L: One way I might think of it is two perspectives on the same thing. One is looking at the built environment to see how you can trace in it the human activity that produced it and then that operates within it. That looks at the environment, and not only the built environment but also the natural environment, as it affords human activity. And that's kind of like that ecological psychology. It looks at everything, the eye, the horizon, everything from the perspective of how does it afford the living of living organisms within it, not even just human beings. Then, the other way around, then, is to look like from inside the human being looking out at it and saying from the other perspective in what way is the environment an extension of the mind and body of the human being. Both of them are asking the same questions, they're just looking at it from different sides of the equation. In either case, it seems like it could be read from a systems perspective because the ecological one is certainly a systems perspective.

D: Maybe most ethnography should or does take a systems perspective.

L: I would think so, because they do microcosmic observations of activity from moment to moment, that's the sort of the everyday life aspect of it, but they also place that in various contexts that have to be understood as systems.

Do you know Bronfenbrenner's book on ecology? Because it's very famous for having laid out this kind of systems perspective that is circles within circles.

D: Well, when we read Barbara Rogoff's stuff, she referred to it and she actually includes his model of the concentric circles and the nested ecological systems.

L: That has its problems, I guess, but that influenced me a lot early on to think in those terms.

(discourse analysis...of doors would regard them as symbols)

D: Maybe I could ask you a couple of questions about the doors specifically?

L: Sure.

D: Do you tend to notice your colleagues' doors?

L: I notice that they are covered with things, but I don't read them.

D: Have you ever? Early on in your career did you take an interest in the postings and decorations?

L: I'm thinking back to when I first had my first office. At USC, it was like seven floors up or something, and it was one of those things where you go down these long corridors and it's absolutely blank space no decorations, nothing. You turn into corridors that go off the space and there will be little offices, internal with no windows. I was in one of those. And there was never anything, anywhere, that I can remember, ever put on any of those walls. Maybe there was and I just didn't notice it. Not even names, I don't remember.
Other than that, here, I noticed it particularly, and this is kind of sensitive, but when Alex was killed, and there were at that time and there still are a lot of very in your face kinds of propaganda statements, ideological positions being laid out on these doors. And there were some really ugly cartoons that people put up showing soldiers looking like guerillas and stuff like that. That, I noticed. Then I tried not to notice, so that's probably one of the reasons I don't look at them that closely.
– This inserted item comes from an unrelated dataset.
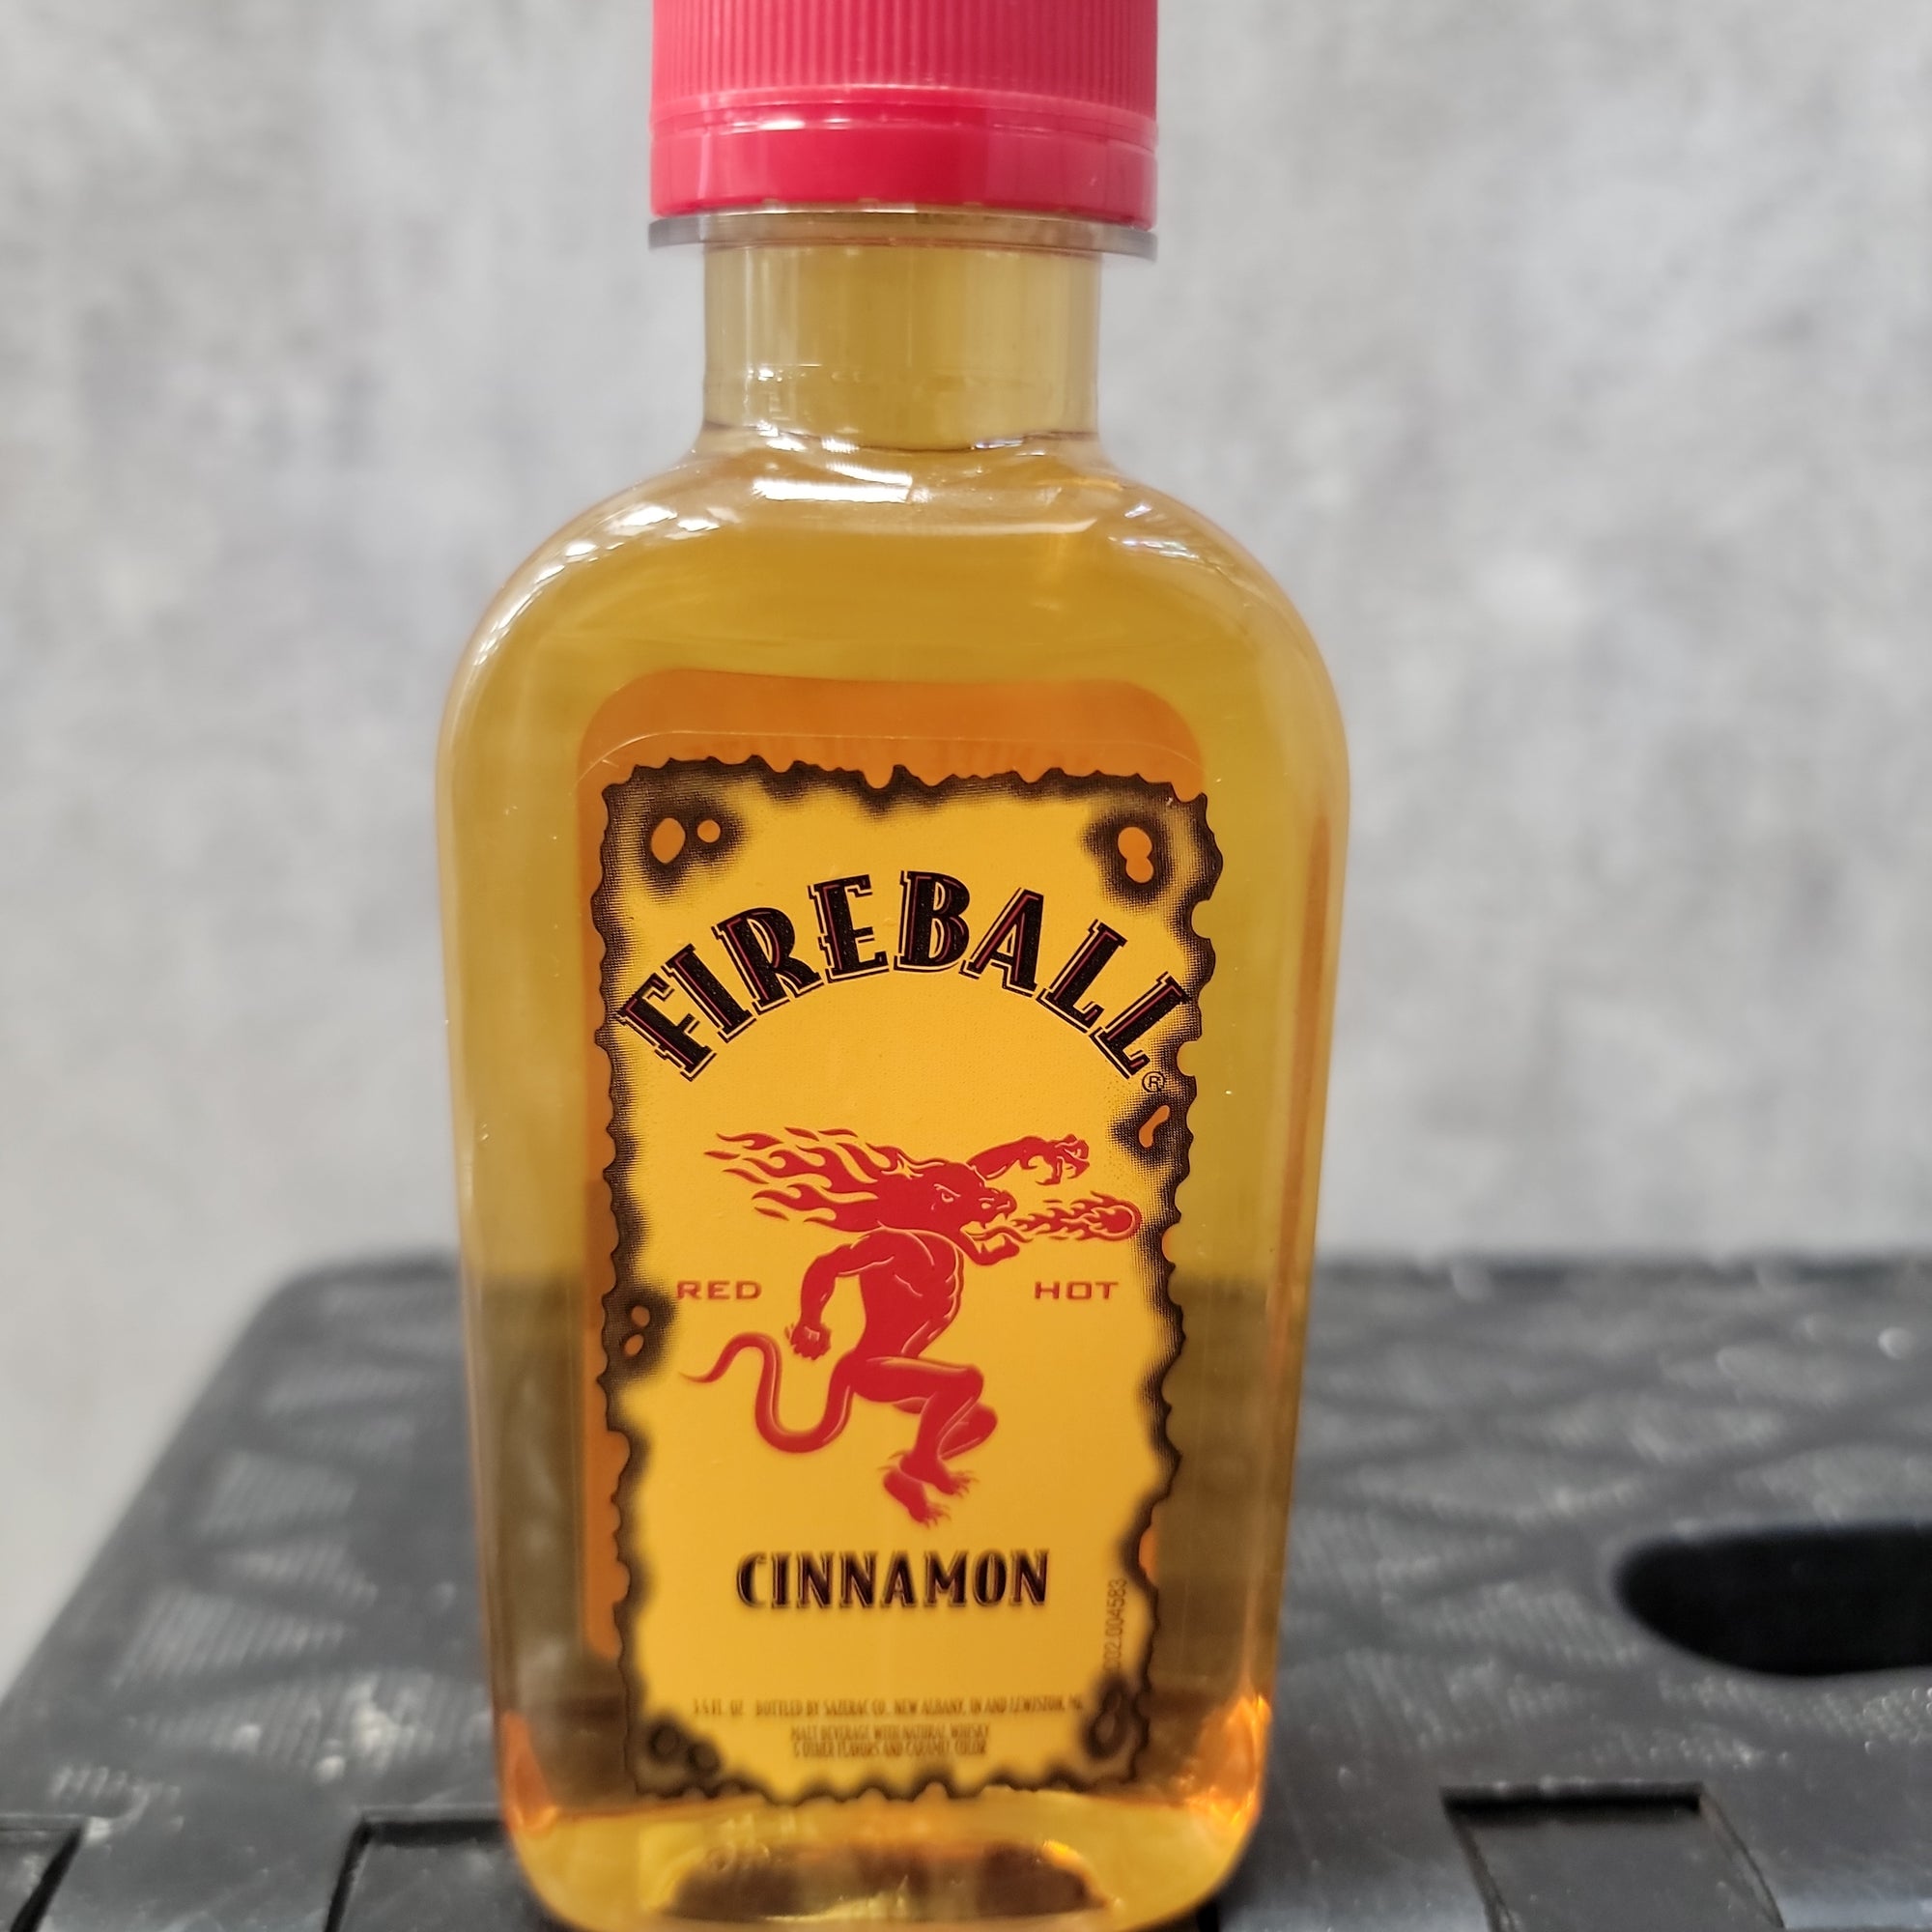 Fireball cinnamon 3.4 Fl oz

D: Has the program always used the door spaces to post upcoming classes?

L: I don't remember anyone ever putting something on my door before. They probably did, but I just didn't notice it. I think they have more to advertise now because of the minor and they have more courses. In the earlier years we just had the same courses all of the time so there was nothing to advertise and when we did, we just put it up on the bulletin board. Now there's a much bigger publicity effort with the minor brochures to hand out. So I can understand that idea.